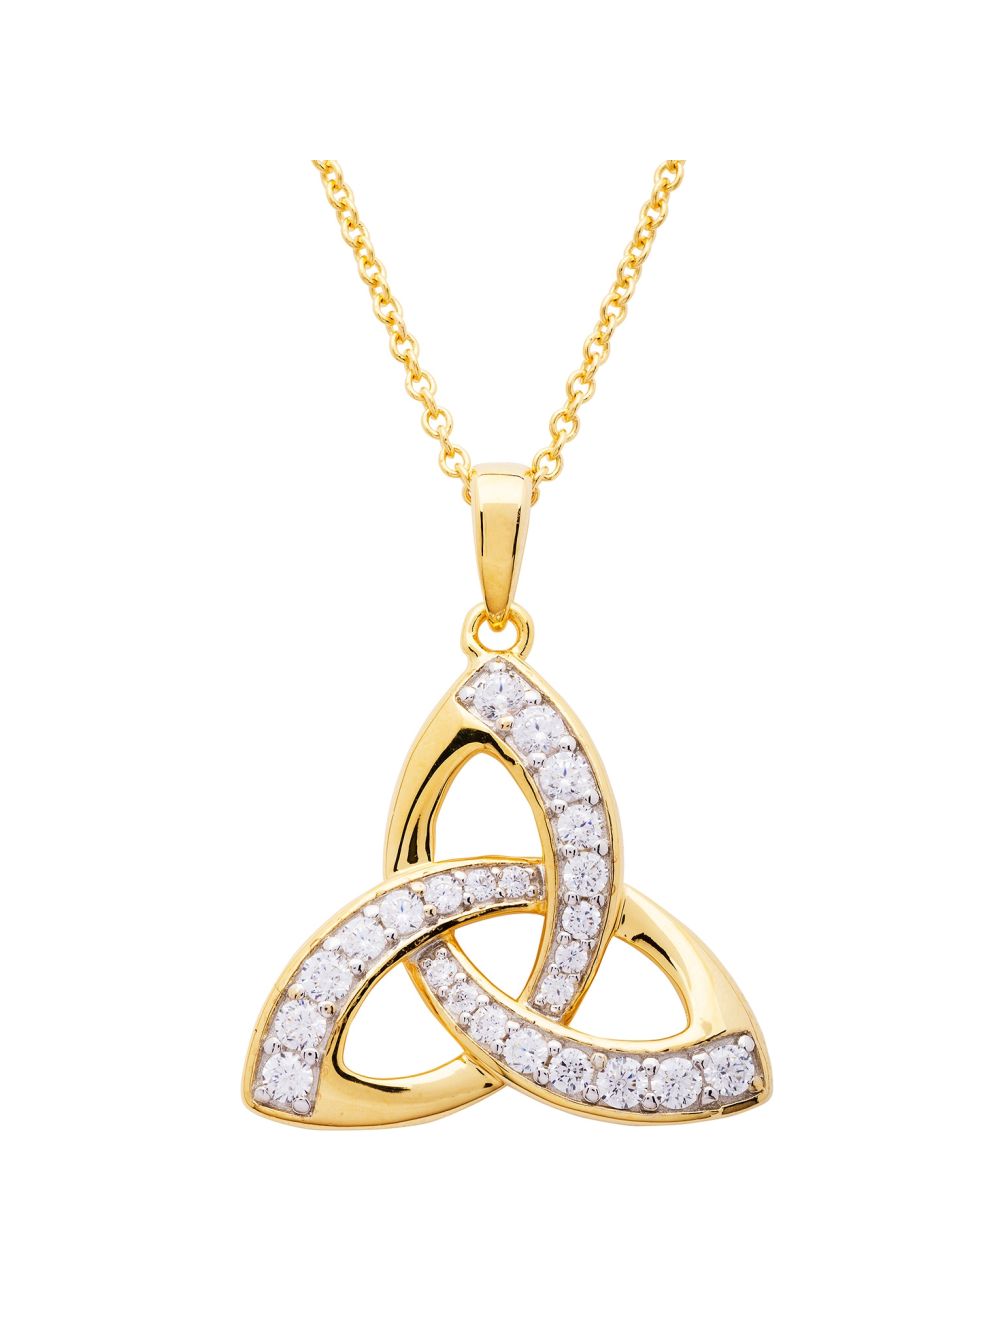 10K Rose Gold & Diamond Celtic Knot Pendant - CladdaghRings.com
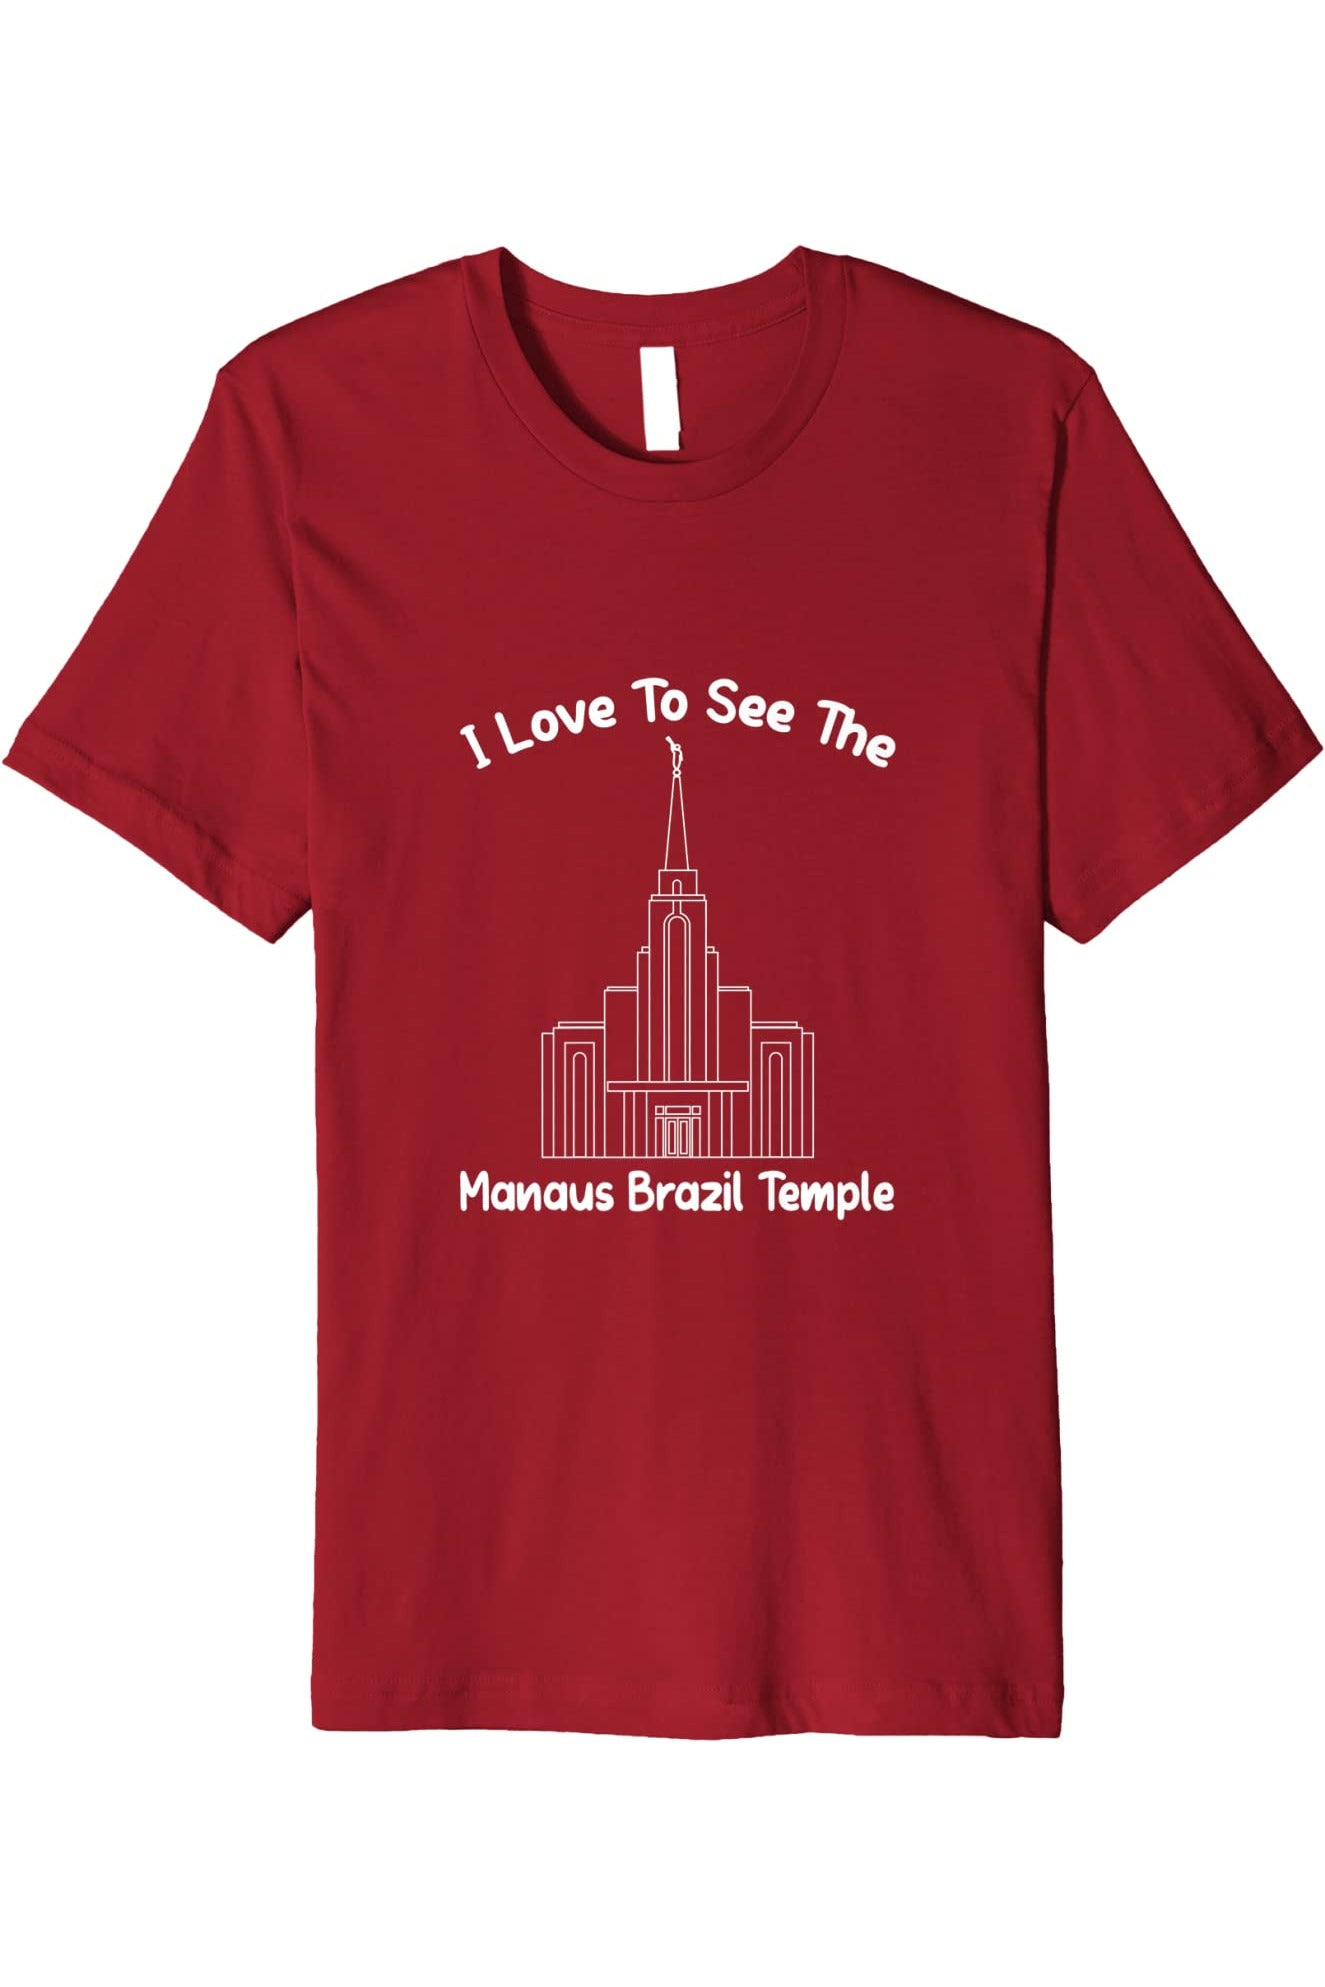 Manaus Brazil Temple T-Shirt - Premium - Primary Style (English) US
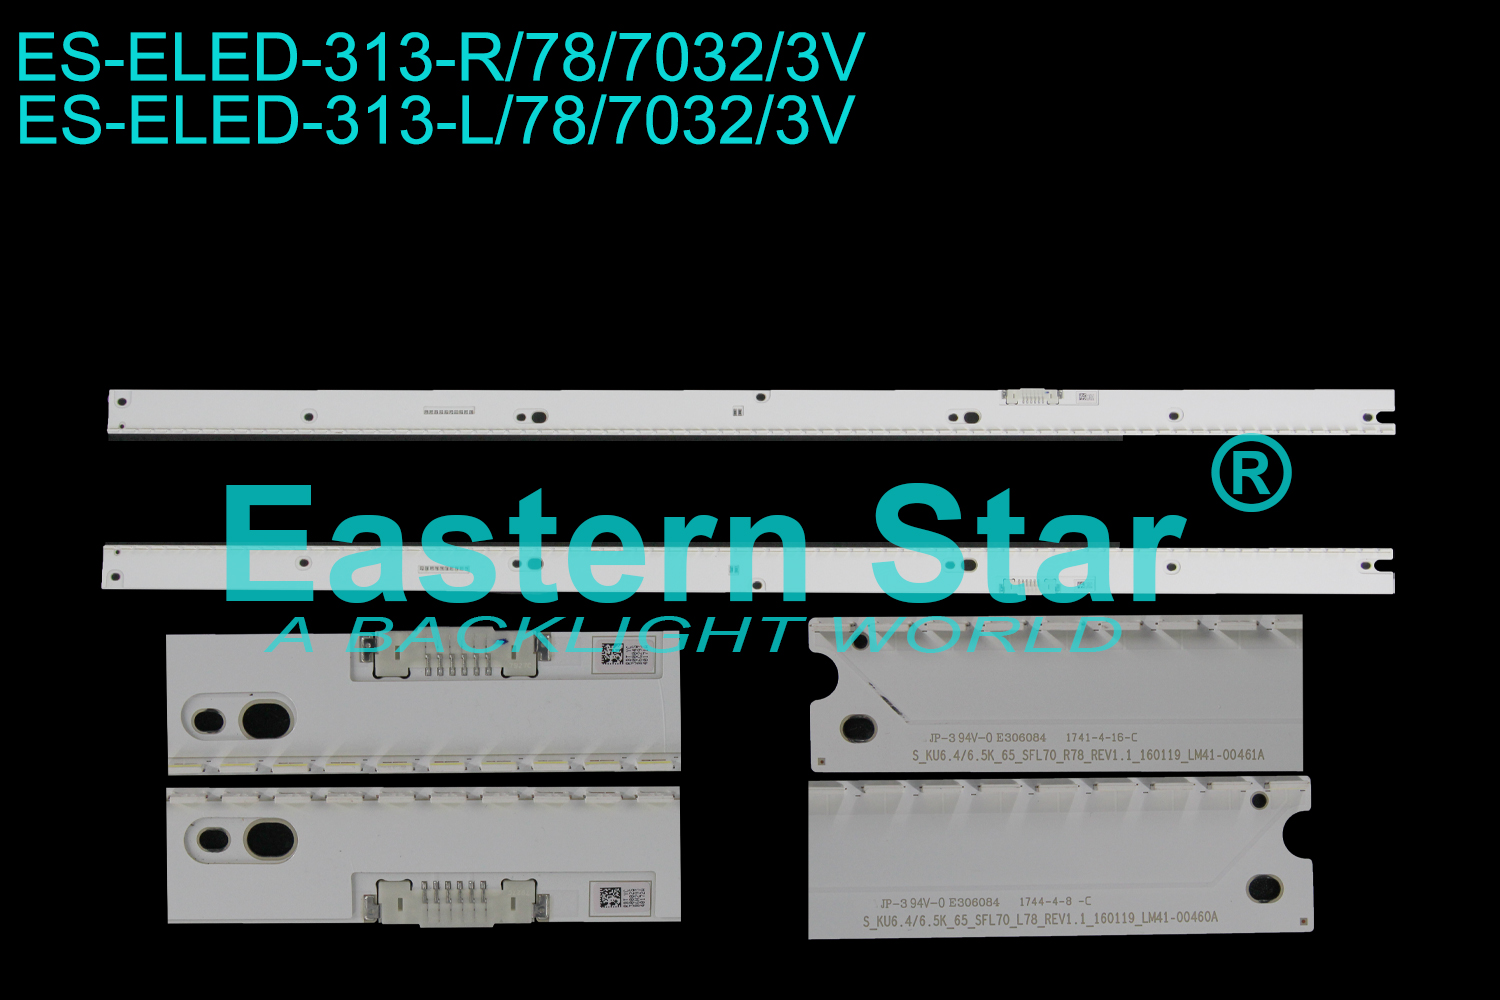 ES-ELED-313 ELED/EDGE TV backlight use for 65'' Samsung UN65KU7000FXZA S_KU6.4/6.5K_65_SFL70_R/L78_REV1.1_160119_LM41-00461A BN96-40171A / BN96-40172A / BN96-40173A / BN96-40174A LED STRIPS(2)
- - - - -
● **The problem**:
Give back the whole of the material exactly, with the pictures removed.

● **Response**:
 10K Rose Gold & Diamond Celtic Knot Pendant - CladdaghRings.com
 Manaus Brazil Temple T-Shirt - Premium - Primary Style (English) US
 ES-ELED-313 ELED/EDGE TV backlight use for 65'' Samsung UN65KU7000FXZA S_KU6.4/6.5K_65_SFL70_R/L78_REV1.1_160119_LM41-00461A BN96-40171A / BN96-40172A / BN96-40173A / BN96-40174A LED STRIPS(2)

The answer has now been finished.